+++ Collected data +++

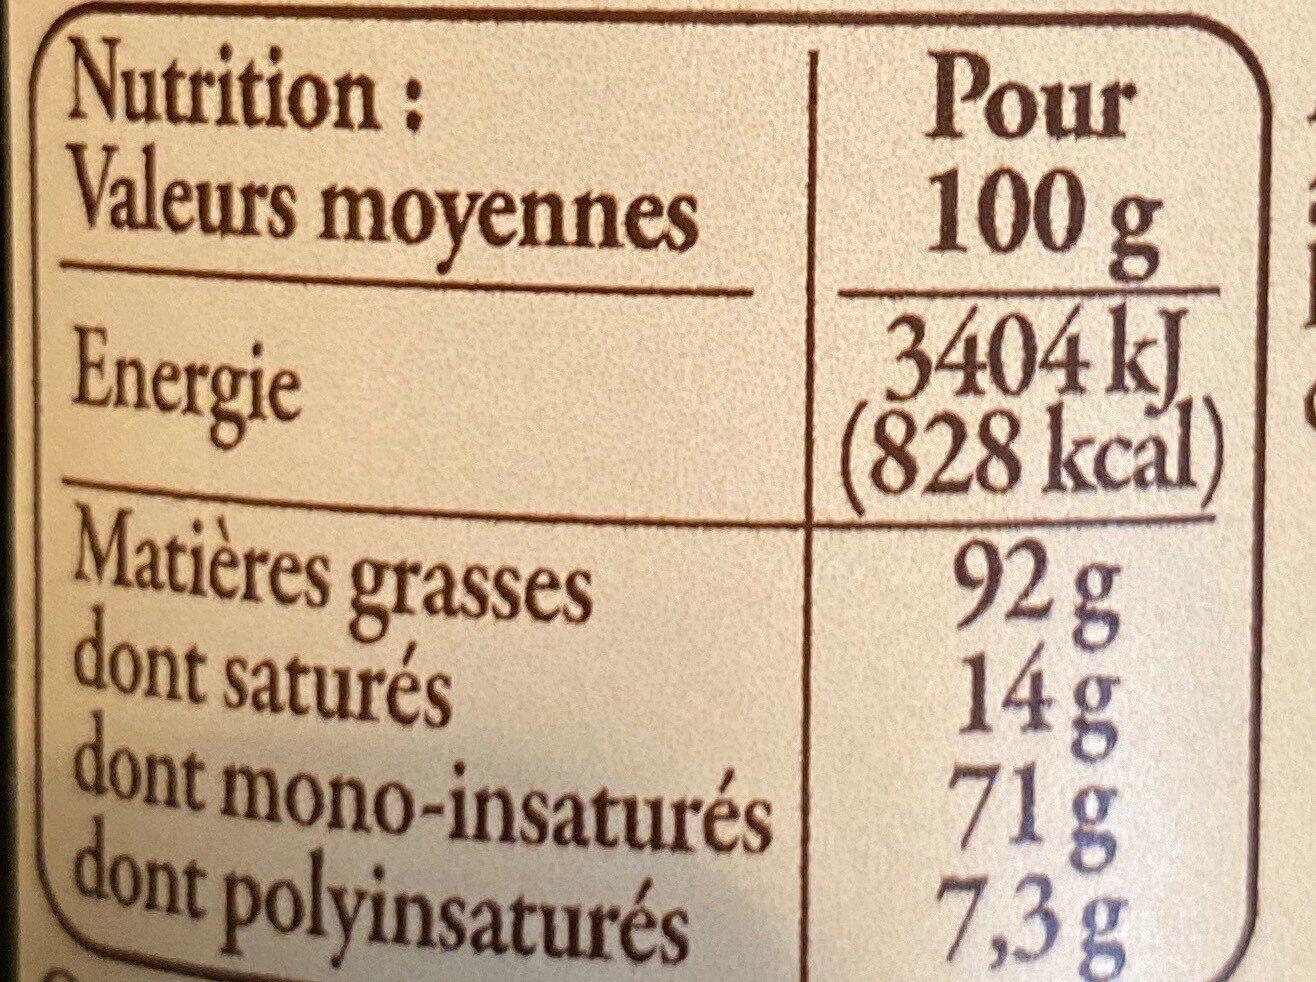 Huile d'olive AOC - Informations nutritionnelles - fr
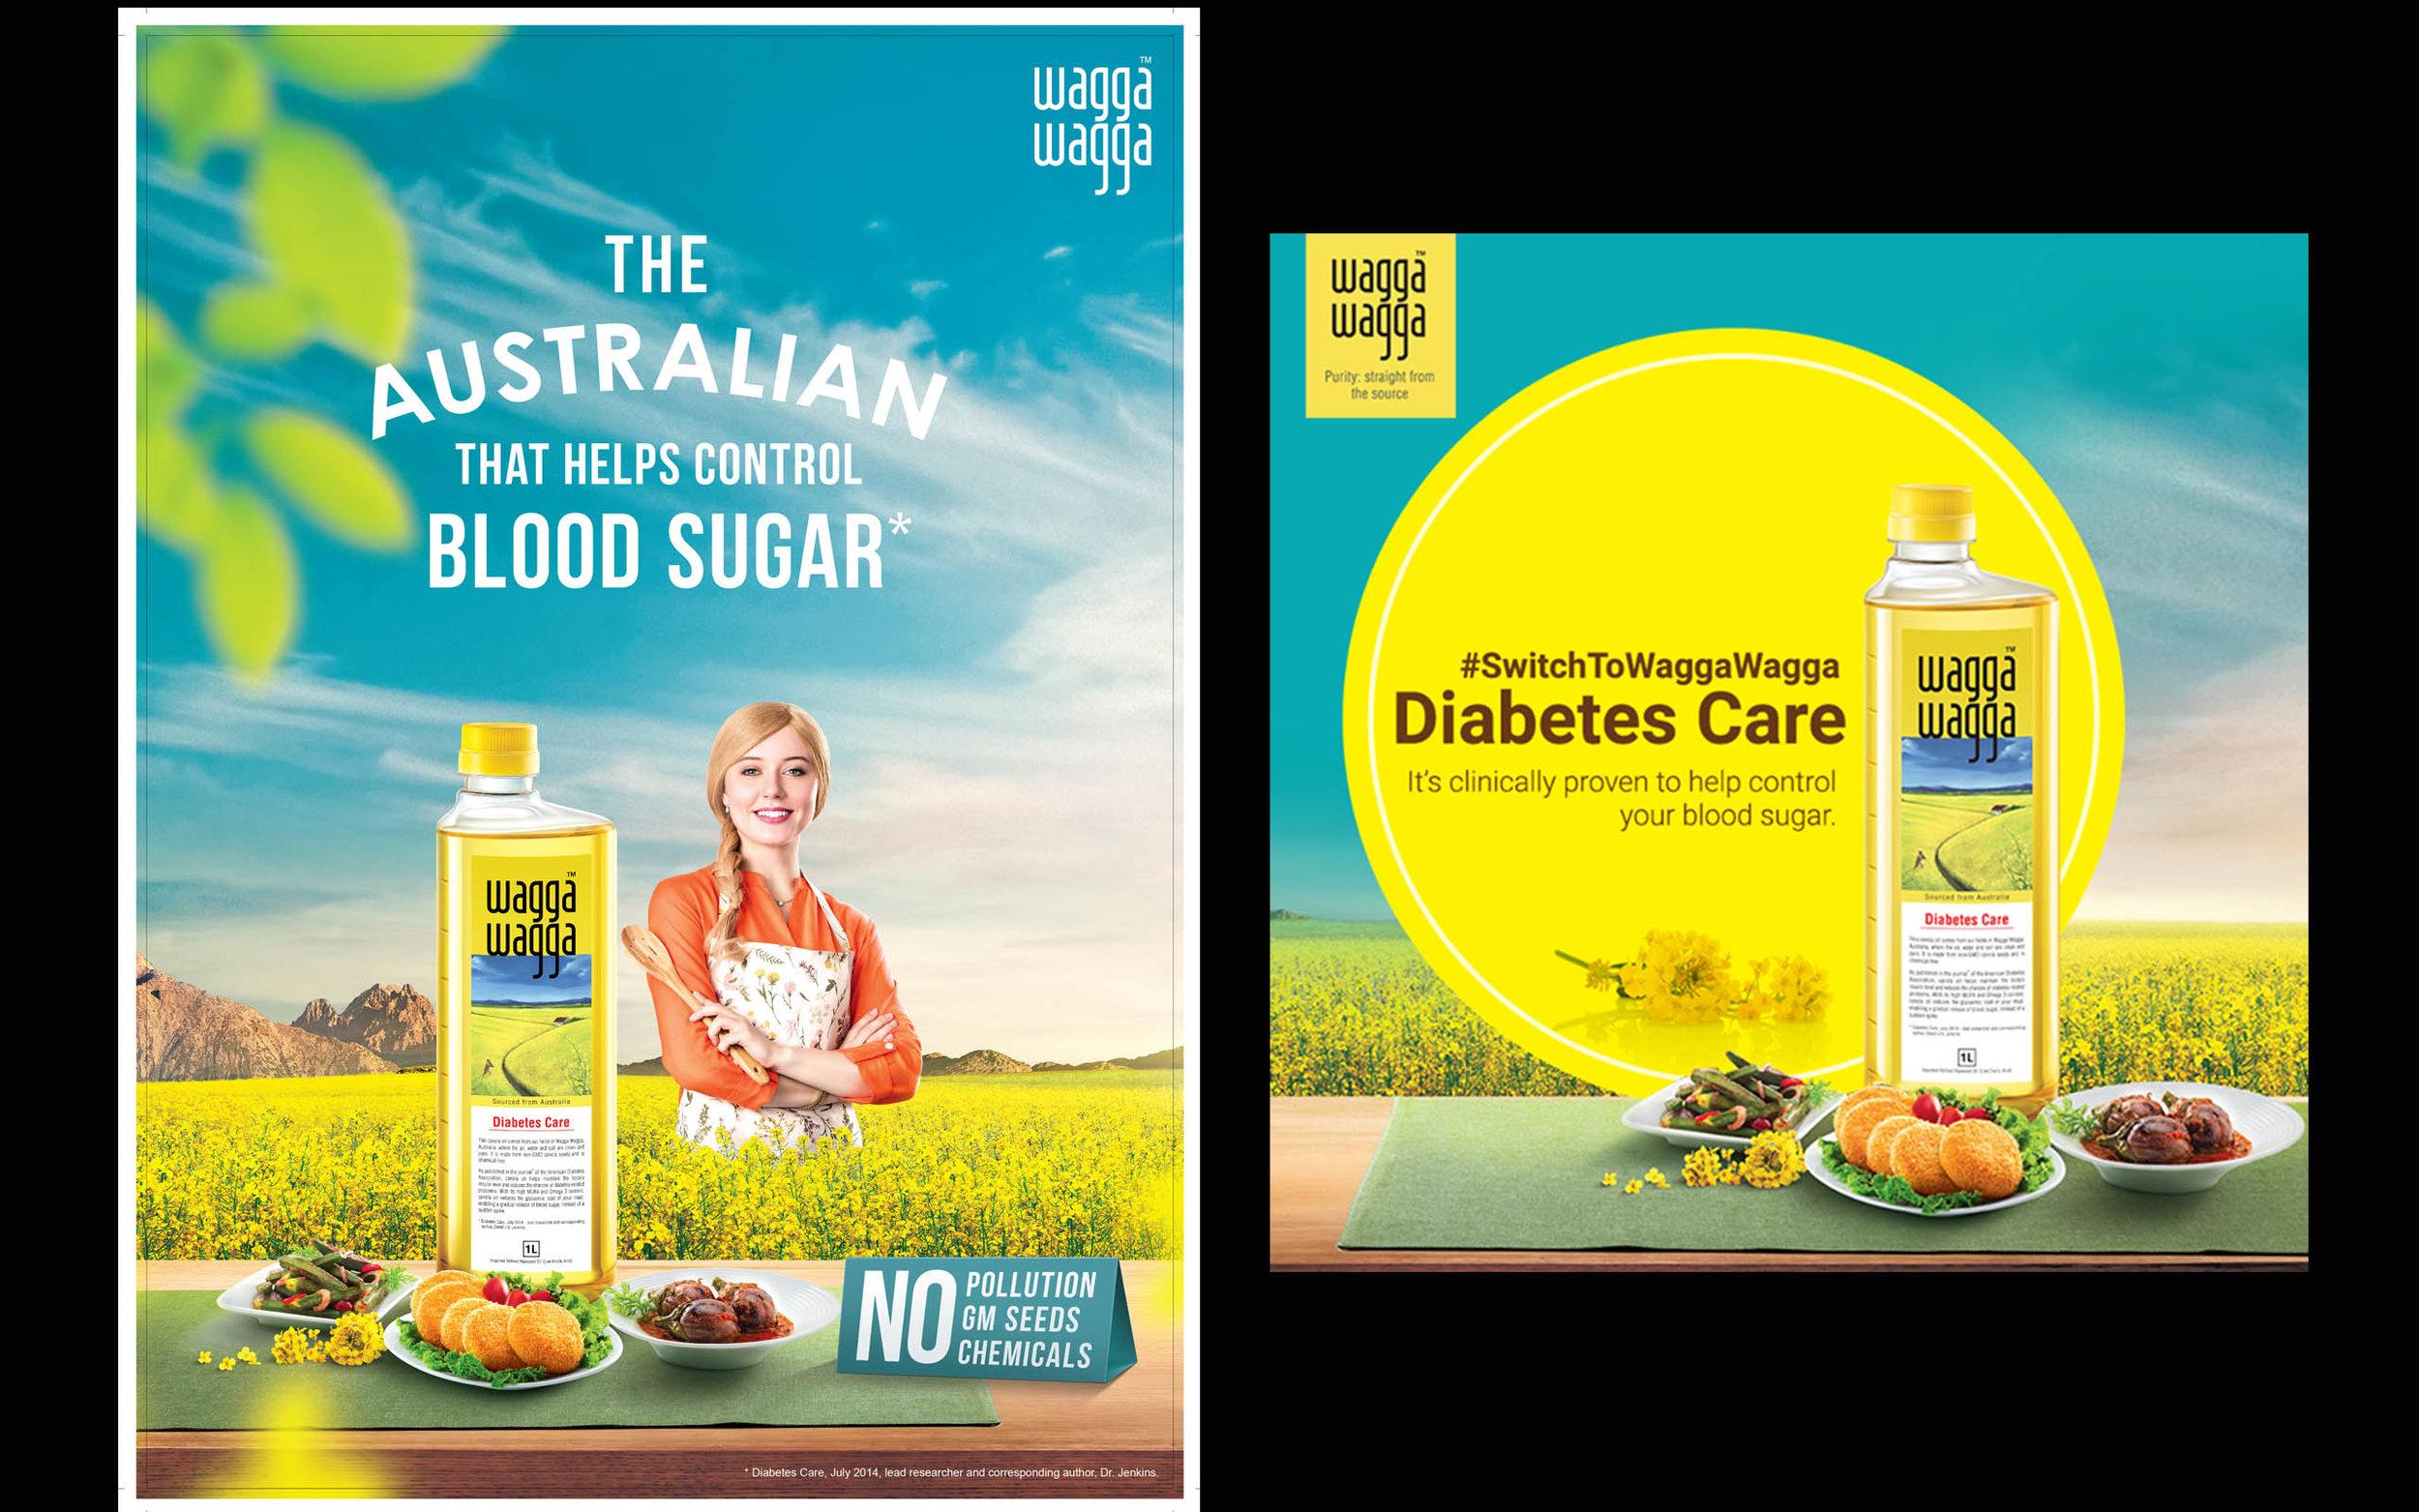 Campaign -Wagga Wagga oils
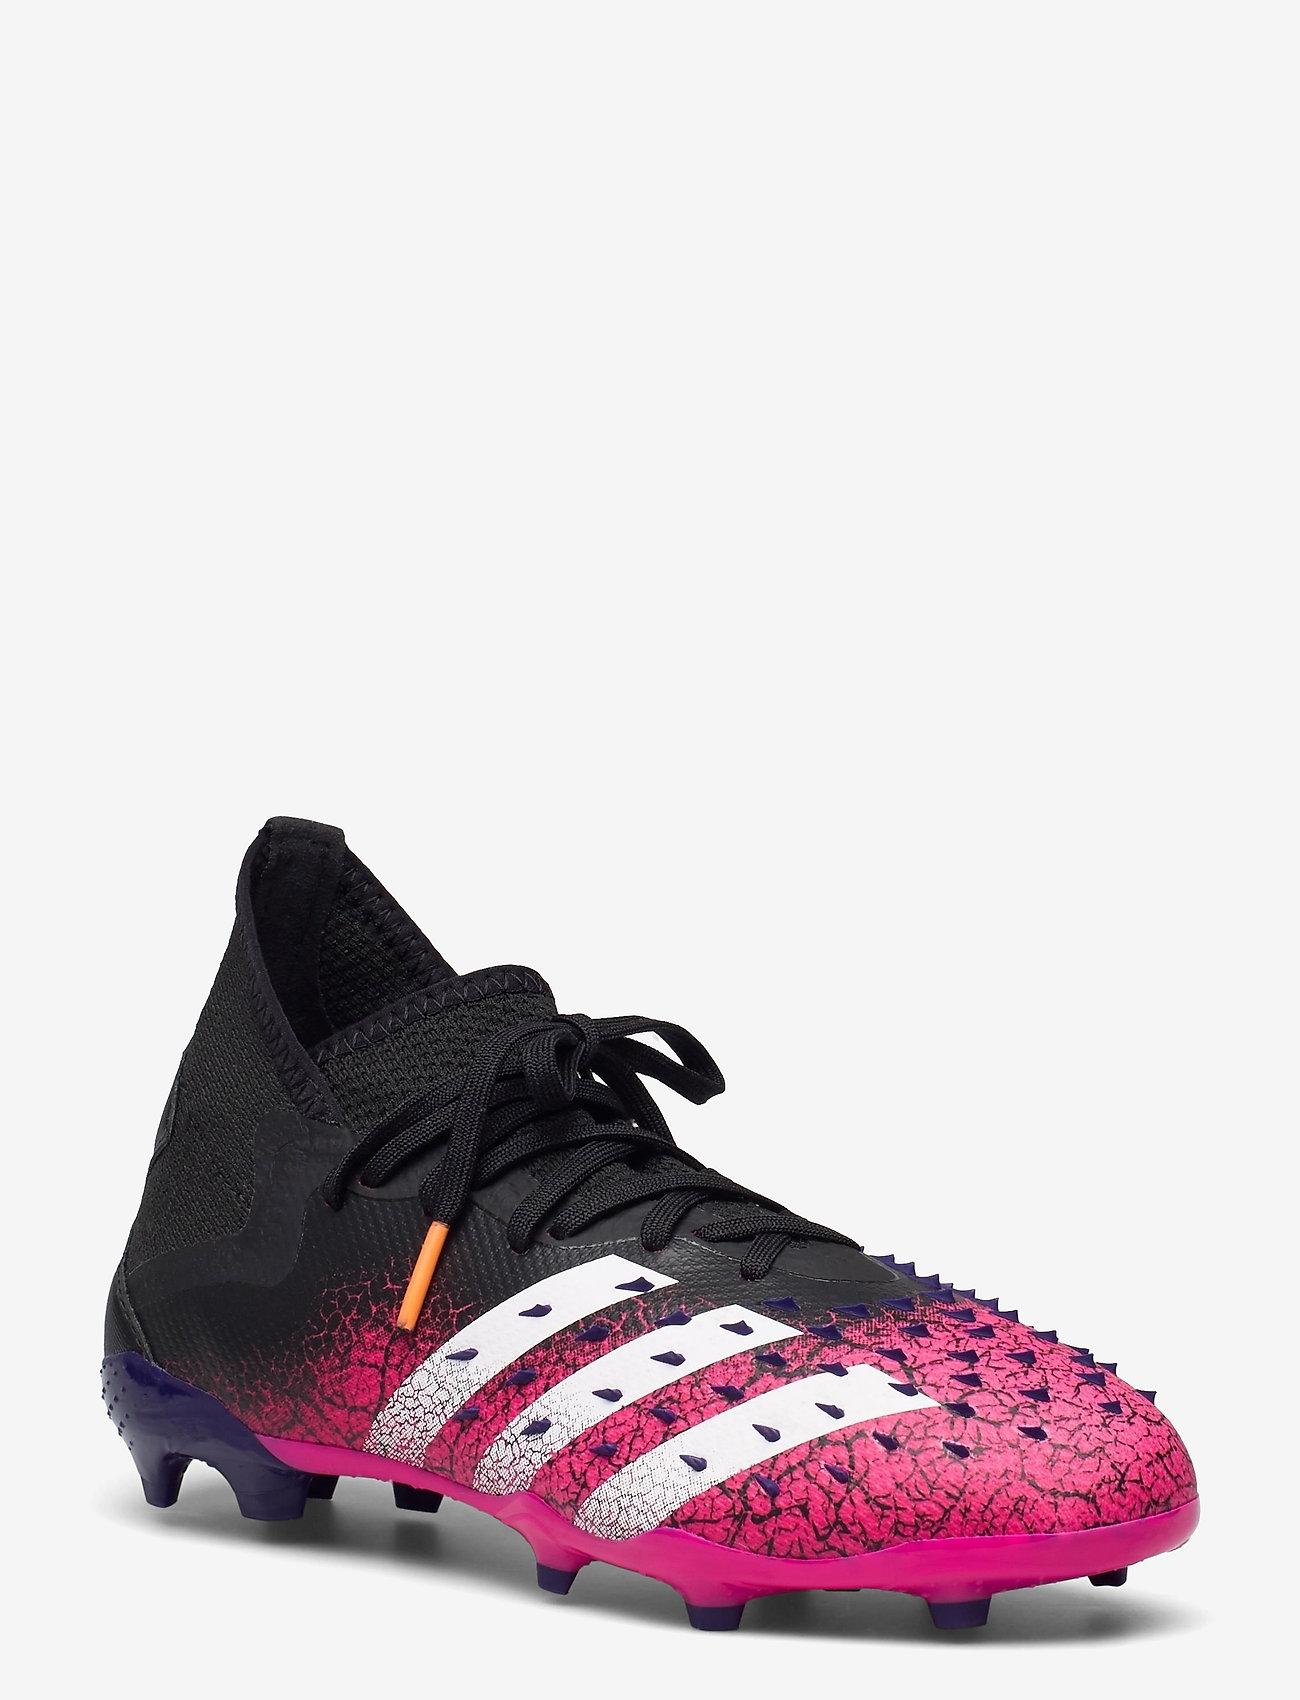 adidas Performance - PREDATOR FREAK .2 FG - fotballsko - cblack/ftwwht/shopnk - 0

+++

§ Task to carry out
Print the lines from the one that contains "Campaign -Wagga Wagga oils" through the final line of the material above, exactly and only those, with pictures left out.

§ Problem solution
 Campaign -Wagga Wagga oils
 adidas Performance - PREDATOR FREAK .2 FG - fotballsko - cblack/ftwwht/shopnk - 0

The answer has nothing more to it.